In another study, Ranno et al. [6] retrospectively compared the outcome of standard levator advancement with small-incision technique. They defined success according to the criteria set by British Oculoplastic Surgery Society: postoperative MRD-1 between 3 and 5 mm, inter-lid MRD-1 difference of 1 mm or less, inter-lid crease difference of 2 mm or less, and the presence of symmetrical lid contour [15]. Success rate was statistically equal between two methods in cases with good levator function (>10 mm), but the small-incision technique was inferior in patients with moderate levator function (5 to 10 mm). They suggested wider surgical field, better exposure, and greater amount of resection as the possible rationalization.

Eshraghi et al. [9] in their series enrolled 50 congenital ptosis cases and reported a success rate of 74.5%. Their definition of success was similar to ours. The coverage of their reported rate in our 95% confidence interval shows non-inferiority of our technique. In their study, better levator function was associated with more successful results.

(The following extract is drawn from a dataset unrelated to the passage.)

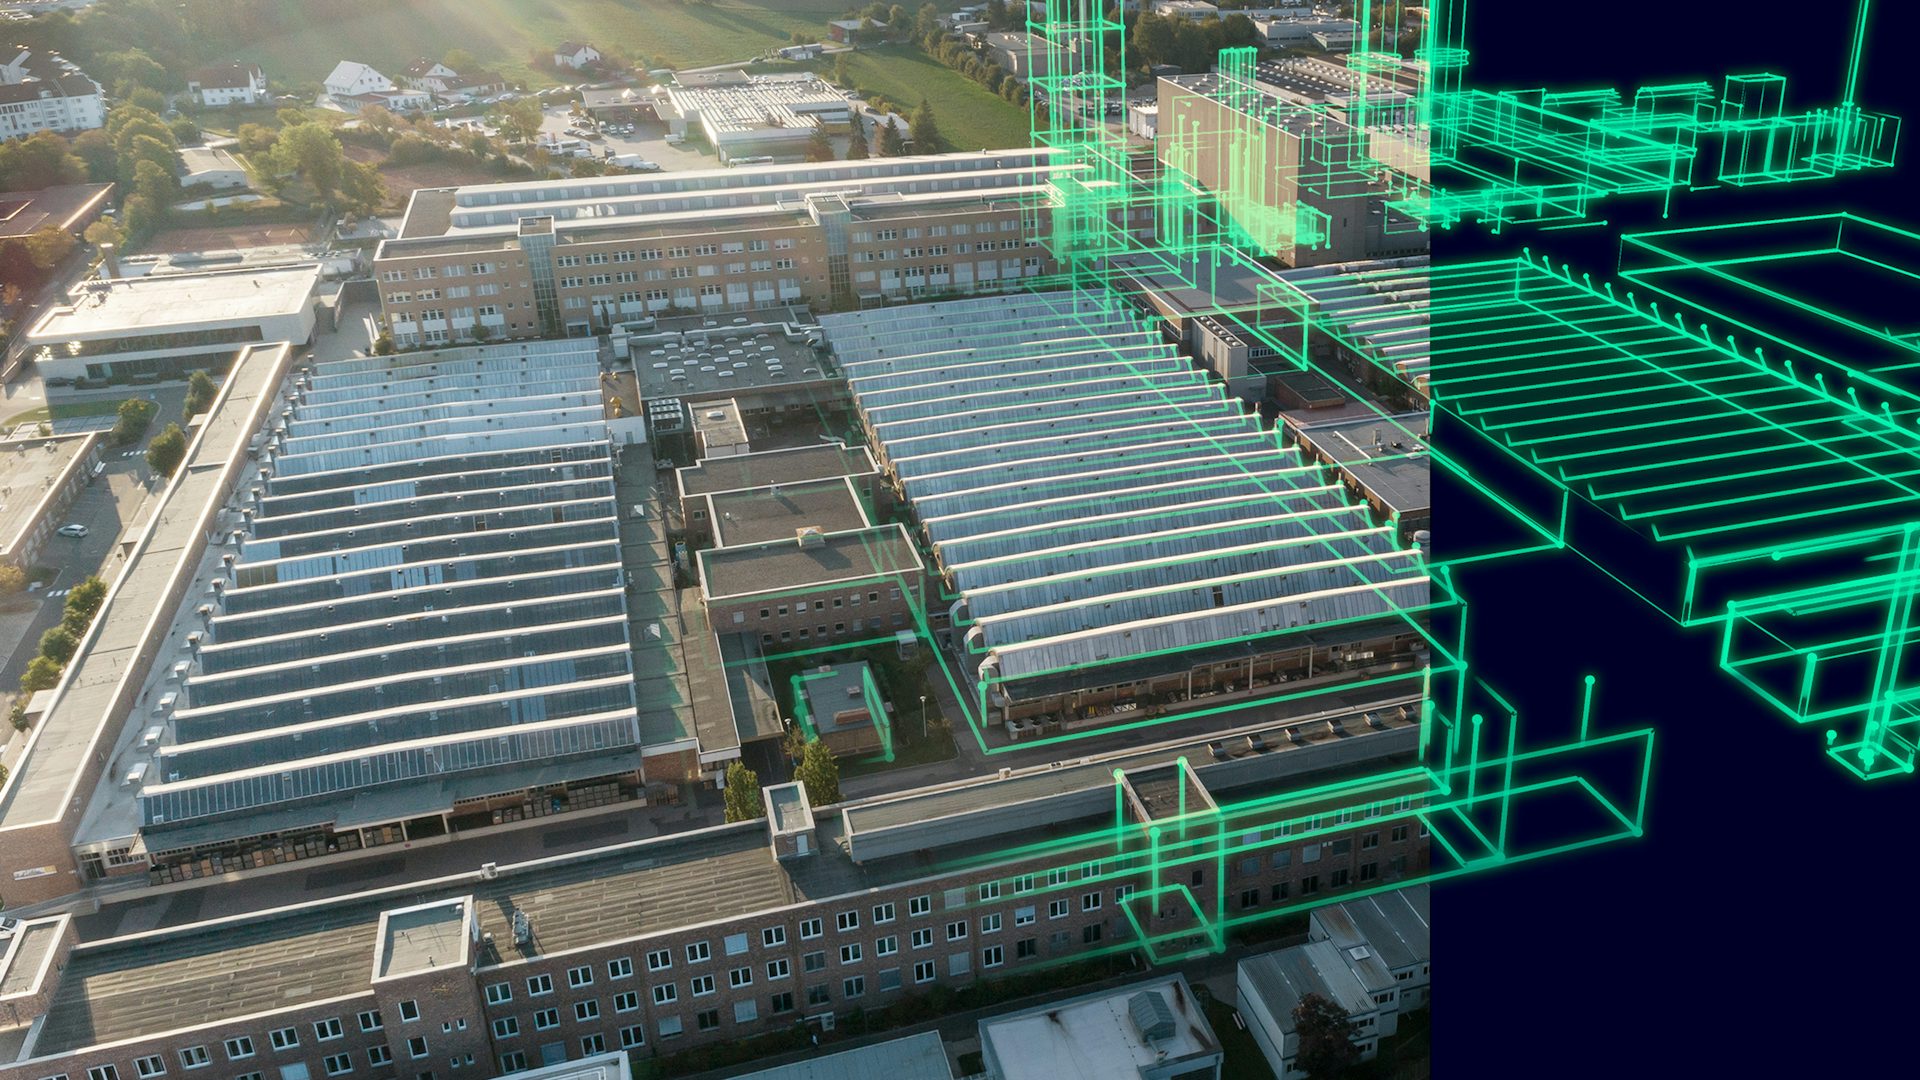 Imagen de fábrica digital y su correspondiente real. Juntas conforman el gemelo digital integral de Siemens para fabricación.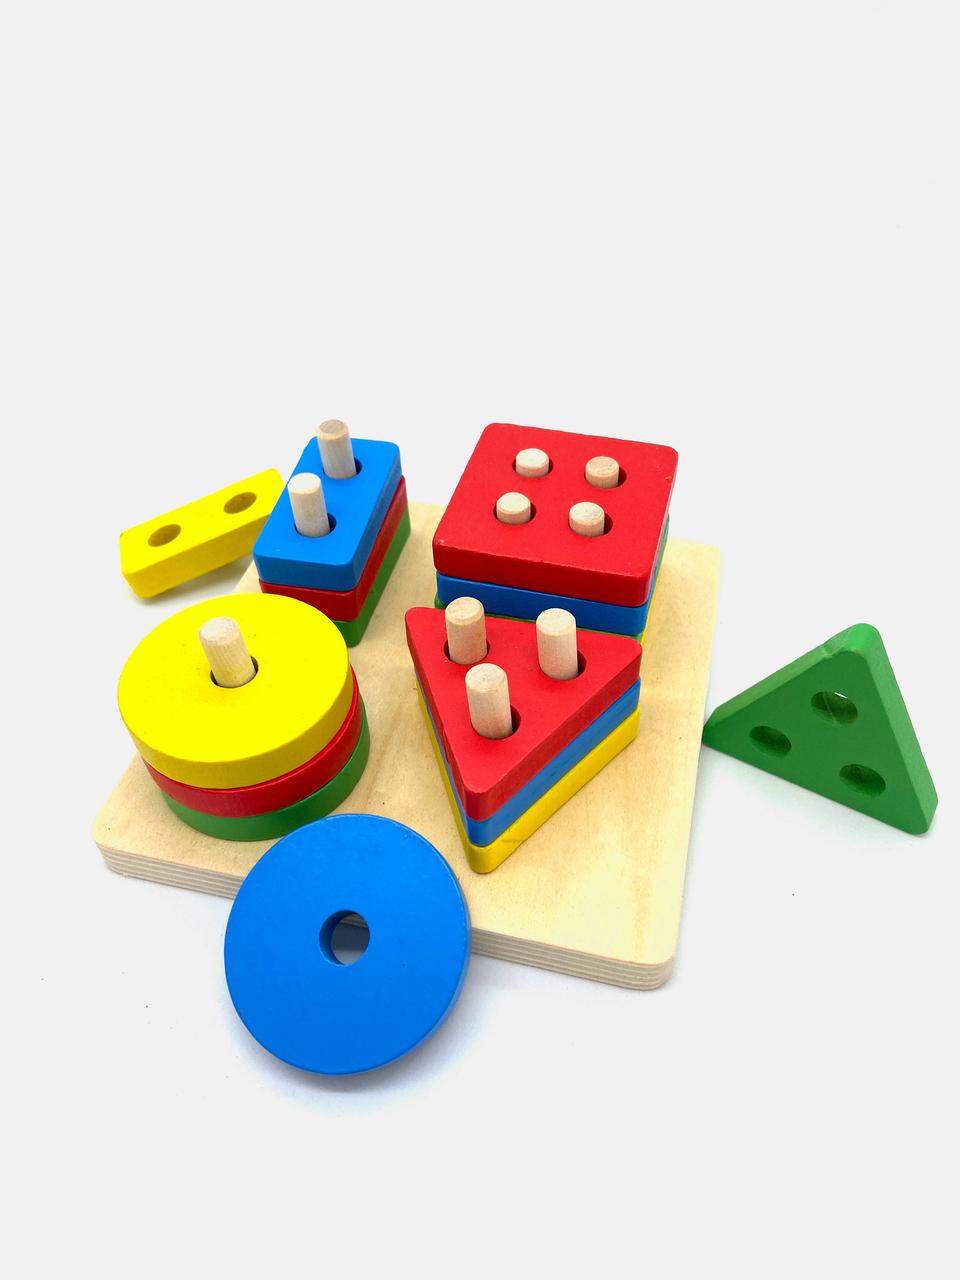 Развивающая деревянная игрушка с геометрическими фигурами, сортер, монтессори

In a large retrospective 10-year review of congenital ptosis patients presented to the Birmingham children’s hospital, 19.67% of 110 eyes which had undergone external levator resection required reoperation [16]. Therefore, our results (17.9% failure) seem comparable to the latter study and are a reasonable failure rate. Our findings are also consistent with prior external ptosis repair studies with success rates ranging from 54 to 96% [7, 8, 10, 17, 18]. On the other hand, 10 out of 12 cases with failure were old patients (over 50 years of age) and had aponeurotic ptosis. It seems dehiscent tissue which has caused the ptosis itself can be the reason of failure in these cases. The other 2 cases were congenital ptosis which were operated under general anesthesia. This can be a possible reason for miscorrection. Limitations of our study include the limited sample size, short follow-up period, and its preliminary nature, which makes it difficult to compare the efficiency of our technique to others.

Conclusion

Our new technique of small-incision levator resection with one double mattress suture using a Mersilene thread shows non-inferior results to the previously described surgical techniques and also it shows very good lid contour results and minimal lag. This method has several advantages, including using a single thread, lower costs, simplicity, and ease of reversibility when adjusting the eyelid height, and acceptable cosmetic results. The findings suggest that the double mattress single suture technique can be used in both congenital and aponeurotic ptosis.